И хотя она сказала «ужас», и хотя их обеих, так же как и других курсанток, прочитавших вчерашнюю сводку со словами «Положение на Западном направлении фронта ухудшилось», ужаснули и поразили эти слова, но все-таки всего ужаса этой сводки они еще не поняли.

Их школа жила замкнутой жизнью, жила мыслями, устремленными в недалекое и опасное будущее там, за линией фронта. Закутываясь на ночь в жесткую бязевую простыню и пегое казарменное одеяло, Маша думала всегда об одном и том же — о том, как кончатся эти тихие дни в лесной школе, с занятиями у доски, со сборкой и разборкой радиопередатчиков, с завтраками, обедами и ужинами в заведенное время, с ночными шепотами о будущем, и начнется само это будущее там, за линией фронта. Она думала о том, как в первый раз придет на явку и какими будут те люди, с которыми ей придется работать: верными, надежными или вдруг кто-нибудь из них окажется предателем? Она думала о том, что если попадется в руки к немцам, то ее будут пытать, и она, что бы с ней ни делали, должна молчать обо всем, что узнала здесь, в этих тихих домиках детской лесной школы, которая давно уже не лесная и не детская…

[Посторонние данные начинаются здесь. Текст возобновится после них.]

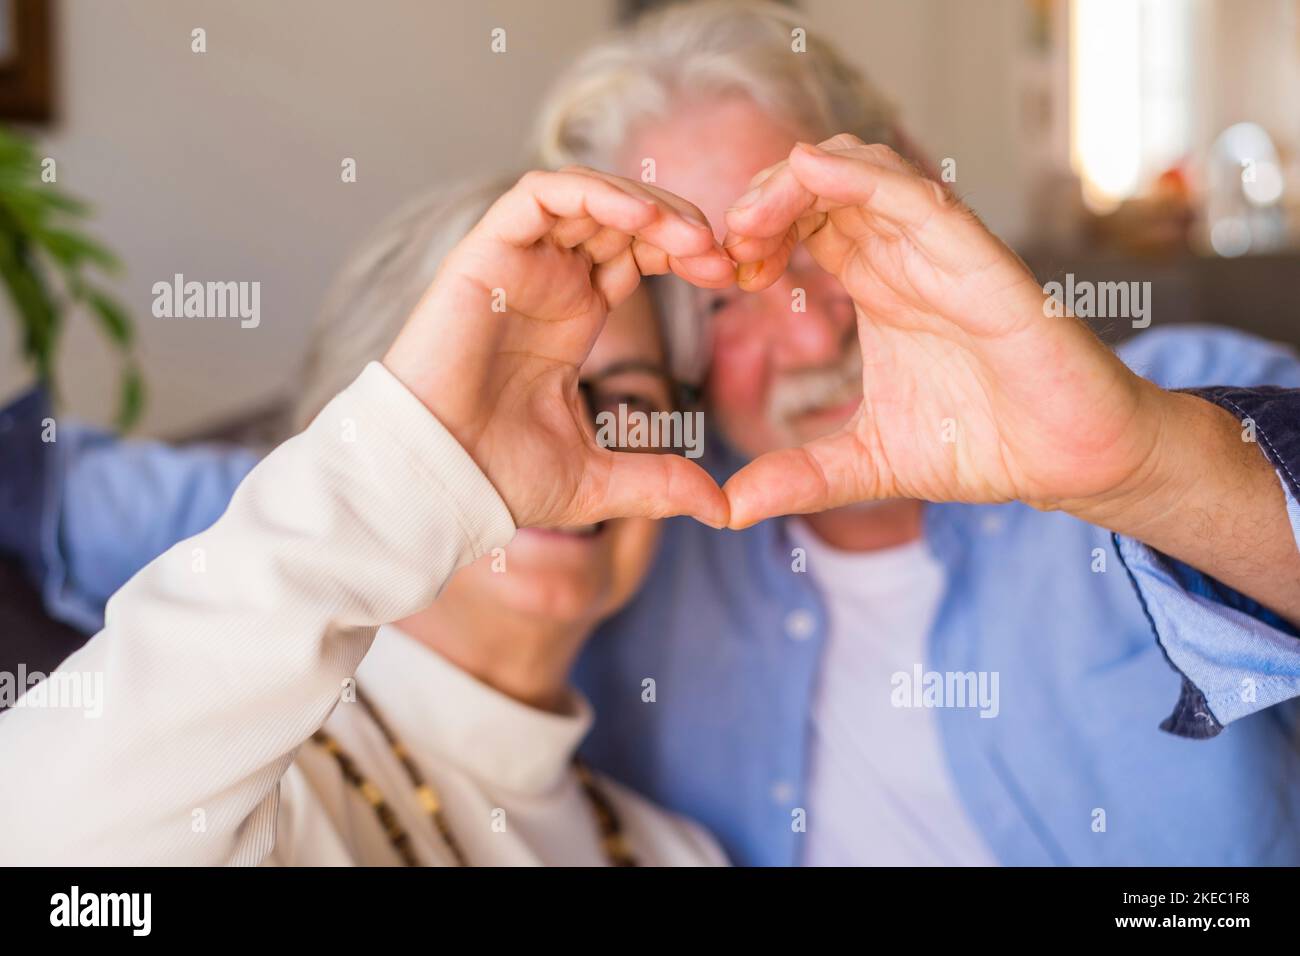 Couple of two old and happy seniors having fun at home on the sofa doing a heart shape with their hands and fingers looking at the camera. Stock Photo

Логика их жизни была такова, что эти мысли о будущем порой невольно оттесняли у Маши и ее подруг мысли о том, что сегодня делается на фронте. Они прежде всего и с особенным вниманием прочитывали сообщения из-за линии фронта о том, как товарищ С. или товарищ К. со своим партизанским отрядом уничтожили в лесах столько-то фашистов, или совершили налет на фашистский штаб, или подожгли цистерну с горючим, или минировали дорогу, или сожгли дом, в котором поселился вернувшийся помещик — барон фон Бидерлинг… Их мысли больше, чем на сводках с фронта, были сосредоточены на том, что делается там, за его линией, где они скоро очутятся сами. И проявлявшаяся в этом доля эгоизма, пожалуй, была простительной, если подумать обо всем, что им предстояло…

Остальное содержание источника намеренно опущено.